I previously thought I knew a proof of the unique "upto unique isomorphism" of the product in a category. I was recently presented with a more complicated proof in a textbook. I am therefore left to wonder whether my "simpler" proof is somehow subtly wrong.

A product of $A$ and $B$ in a category $C$ is a 3 tuple $(P \in C, \pi^p_a \in Hom(P, A), \pi^p_b \in Hom(P, B))$ such that for any other 3-tuple ($Q \in C, \pi^q_a \in Hom(Q, A), \pi^q_b \in Hom(Q, B))$, we have a unique morphism $q2p: Hom(Q, P)$ such that $\pi^q_a = \pi^p_a \circ q2p$, and $\pi^q_b = \pi^p_b \circ q2p$.

Now, we wish to show that given two products $K, L$ of $A$ and $B$, that there is a unique isomorphism between $K$ and $L$. That is, we have two maps $k2l \in Hom(K, L)$ and $l2k \in Hom(l, k)$ such that $k2l \circ l2k = id_l$ and $l2k \circ k2l = id_k$.

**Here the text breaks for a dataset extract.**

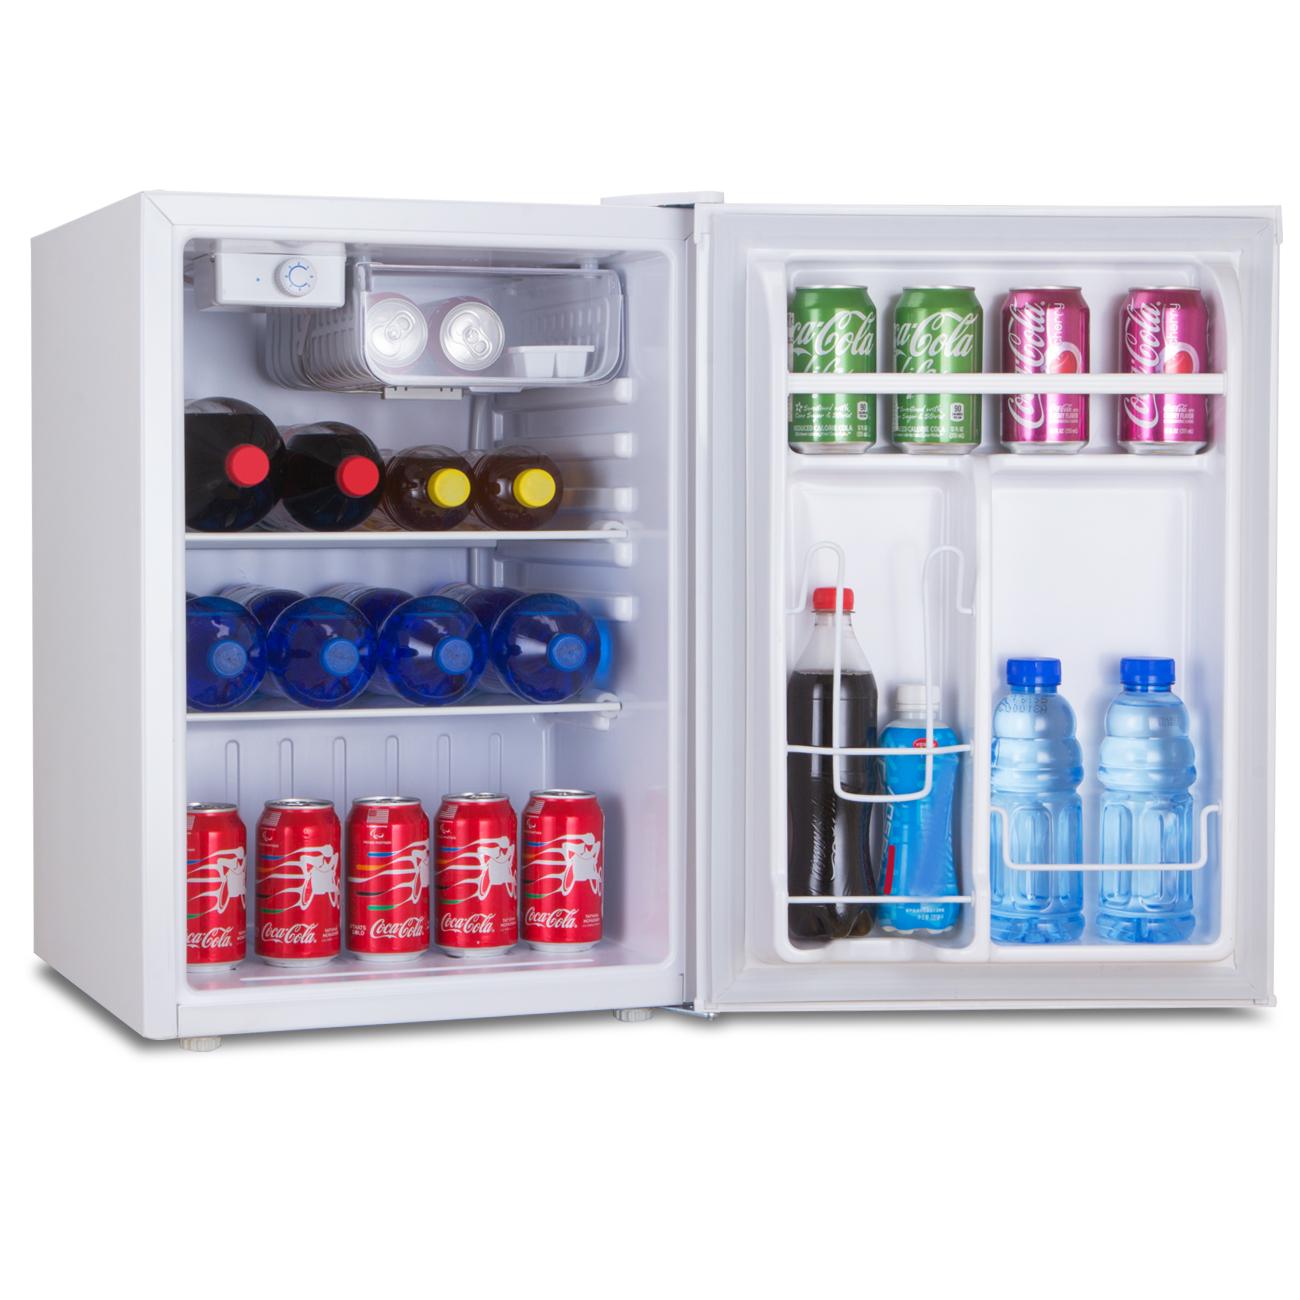 white 2 6 cu ft compact refrigerator mini freezer. Black Bedroom Furniture Sets. Home Design Ideas

I thought the proof of uniqueness of the product goes like this:

1. Assume we have two candidates for the product of $A$ and $B$, namely, $(A \times B, pr_1, pr_2)$, and $(A \otimes B, pr'_1, pr'_2)$.
2. By the universal property of $A \times B$, we have a unique map $k \in Hom(A \otimes B, A \times B)$ such that $pr'_1 = pr_1 \circ k$, $pr'_2 = pr_2 \circ k$.
3. Similarly, by the universal property of $A \otimes B$, we have a unique map $l \in Hom(A \times B, A \otimes B)$ such that $pr_1 = pr'_1 \circ l$, $pr_2 = pr'_2 \circ l$
4. These together give us a map $k \circ l \in Hom(A \times B, A \times B)$ which behaves like the identity element: $pr_1 \circ id = pr_1 = pr_2 \circ (k \circ l)$, and similarly $pr_2 \circ id = pr_2 = pr_2 \circ (k \circ l)$
5. By the uniqueness of identity, we have that $id_{A \times B} = k \circ l$.

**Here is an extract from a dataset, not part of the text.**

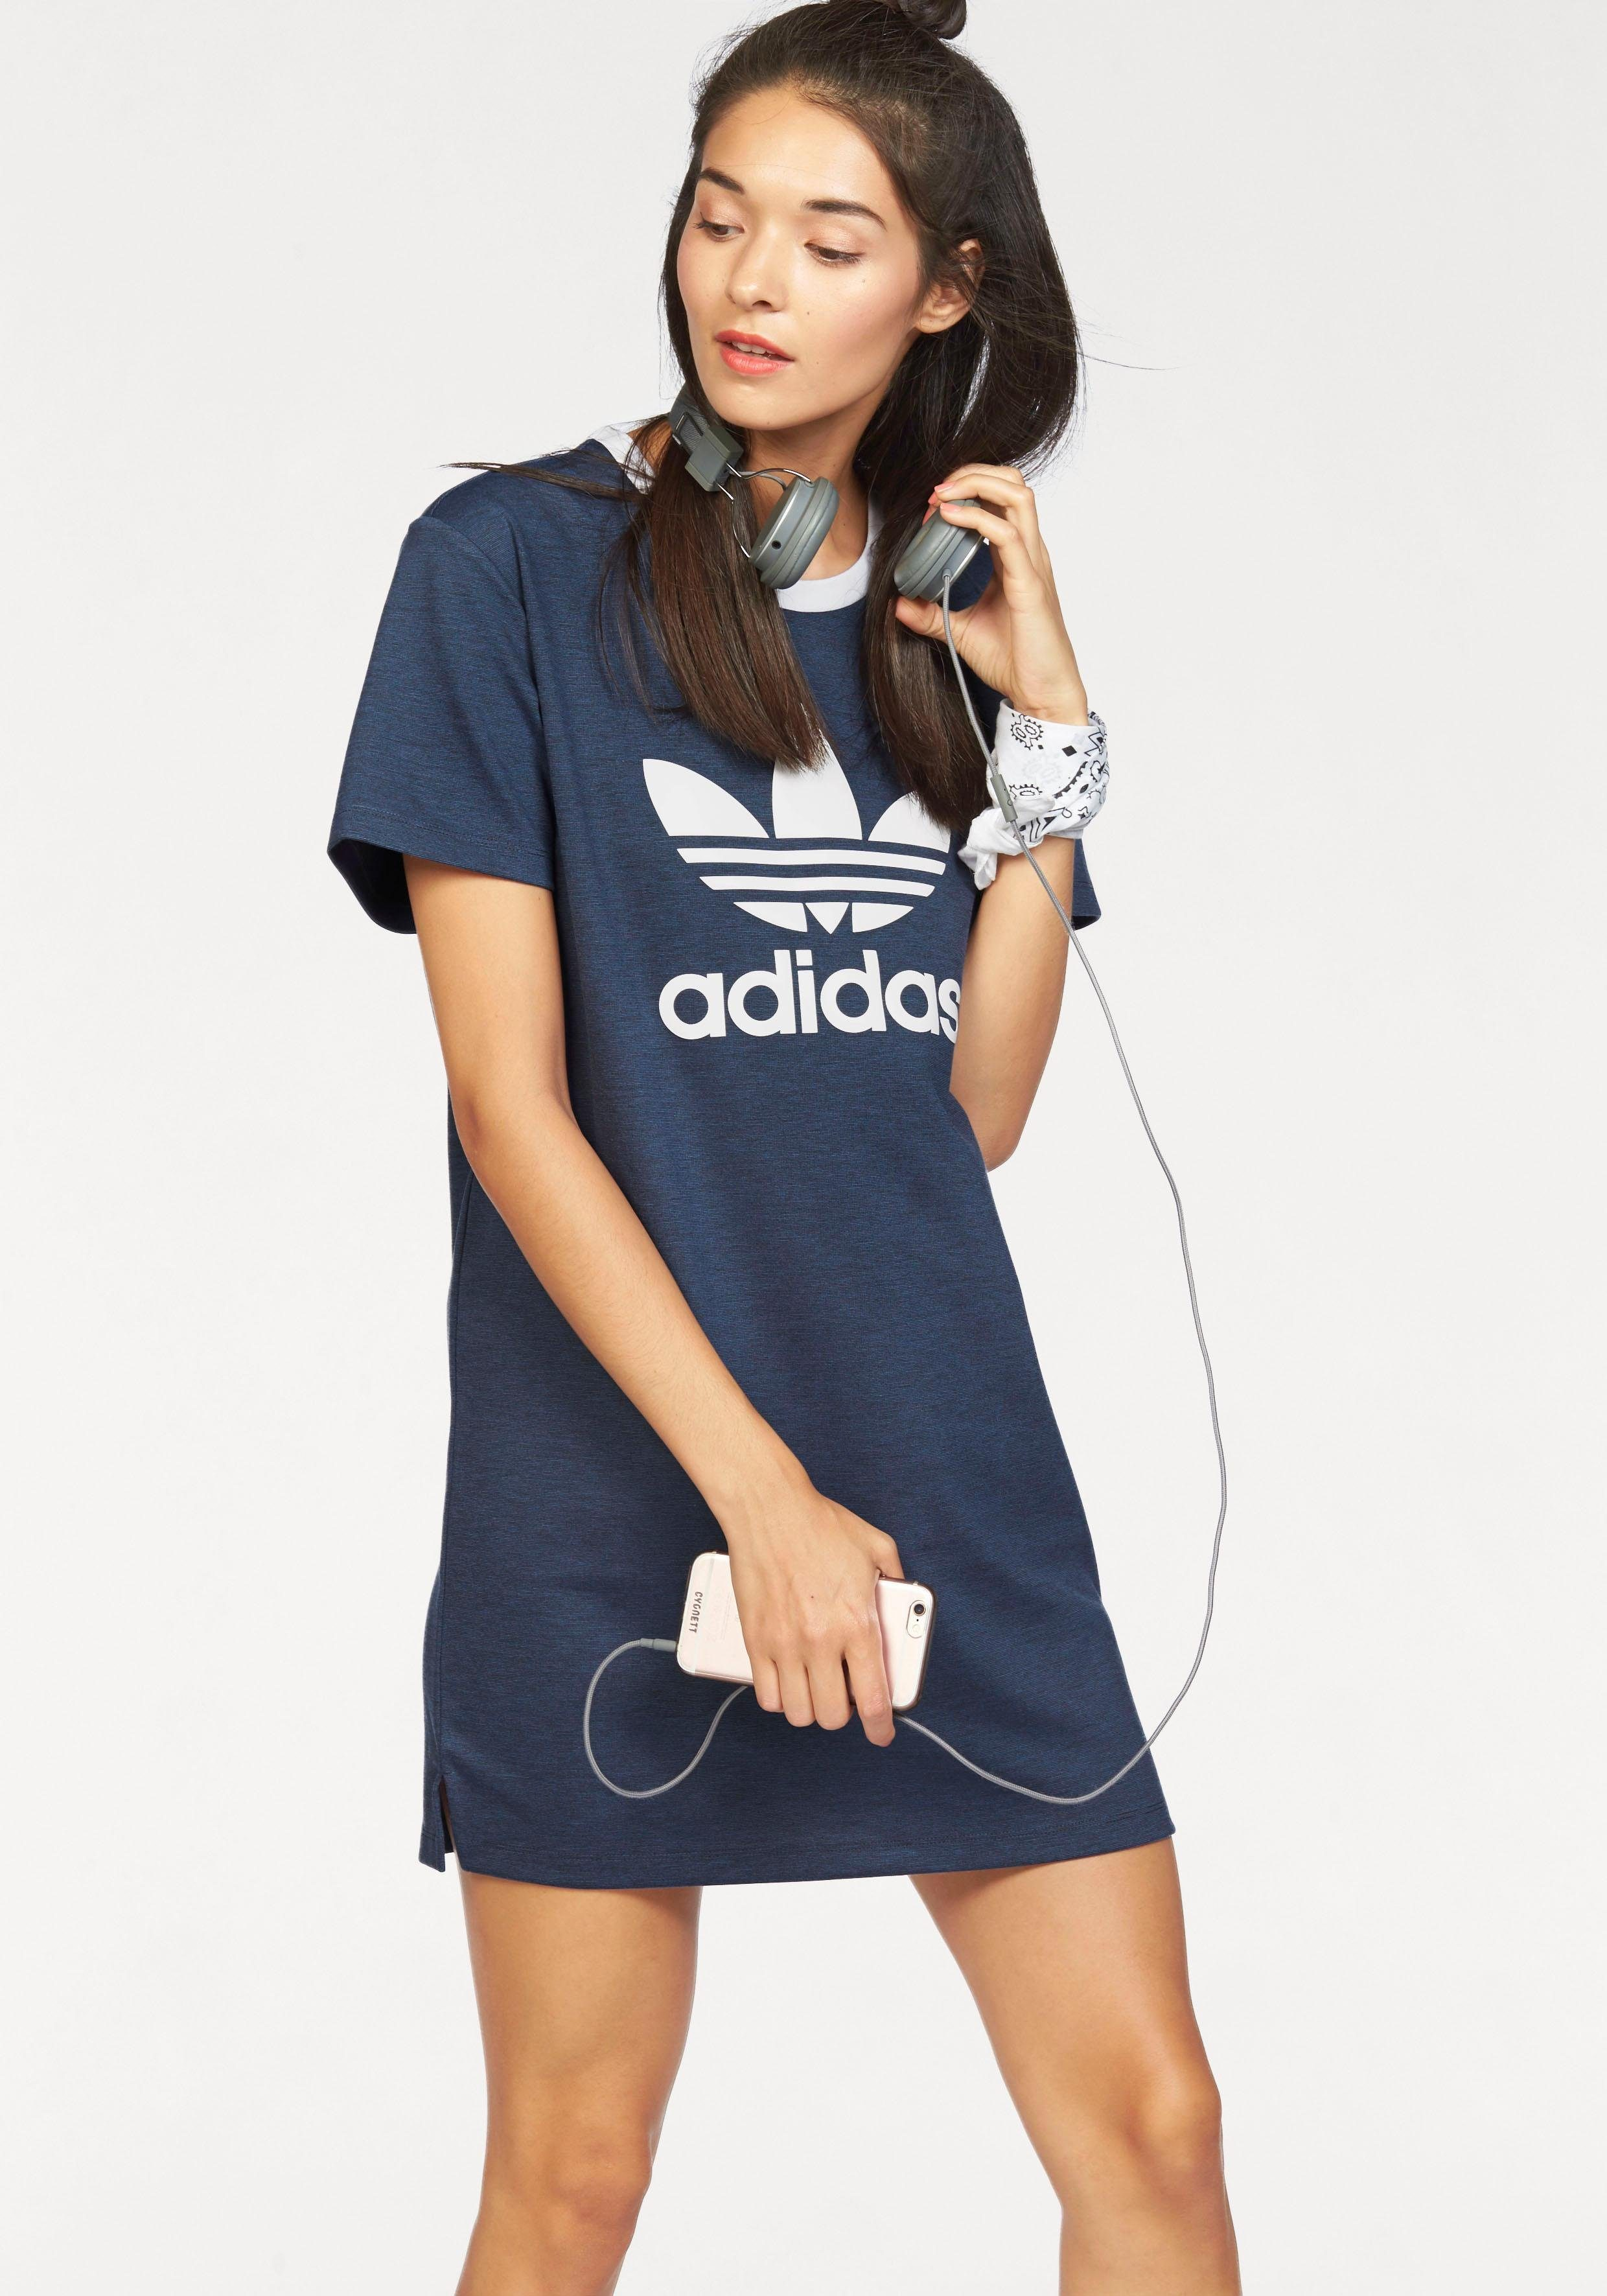 adidas t-shirt kleid

Rather, the trusted proof of product that I have seen changes at the 5th step. It proceeds as:

5. We now apply the universal property a third time with $A \times B$ on $A \times B$, telling us that there exists a unique map $h \in Hom(A \times B, A \times B)$ such that $pr_1 = pr_1 \circ h$, $pr_2 = pr_2 \circ h$.
6. We have two such candidates for such an $h$: $id_{A \times B}$ and $k \circ l$. But since $h$ is unique, we have that $id_{A \times B} = k \circ l$.

I am confused as to why we cannot conclude the proof the way I do. As I see it, since all the maps $k, l, id_{A \times B}$ are unique, they must coincide?

I suppose the flaw with my argument is that I only know that $k \circ l$ agrees with $id_{A \times B}$ at $pr_1$ and $pr_2$. There maybe other morphisms in $Hom(A \times B, A \times B)$ where $id_{A \times B}$ and $k \circ l$ may not agree. Is my identification of the error correct?

Answer 1

To check that $k\circ l$ "behaves like the identity element", one had to show that $k\circ l$ is a neutral element w.r.t. to every morphism coming from or to $A\times B$.

In your proof, you showed that $k\circ l$ is a neutral element from the right w.r.t. $pr_1,pr_2$, which isn't enough for your claim. However, as pointed out by your trusted proof, there is only one such morphism behaving as a right identity for $pr_1,pr_2$, so $k\circ l = id_{A\times B}$.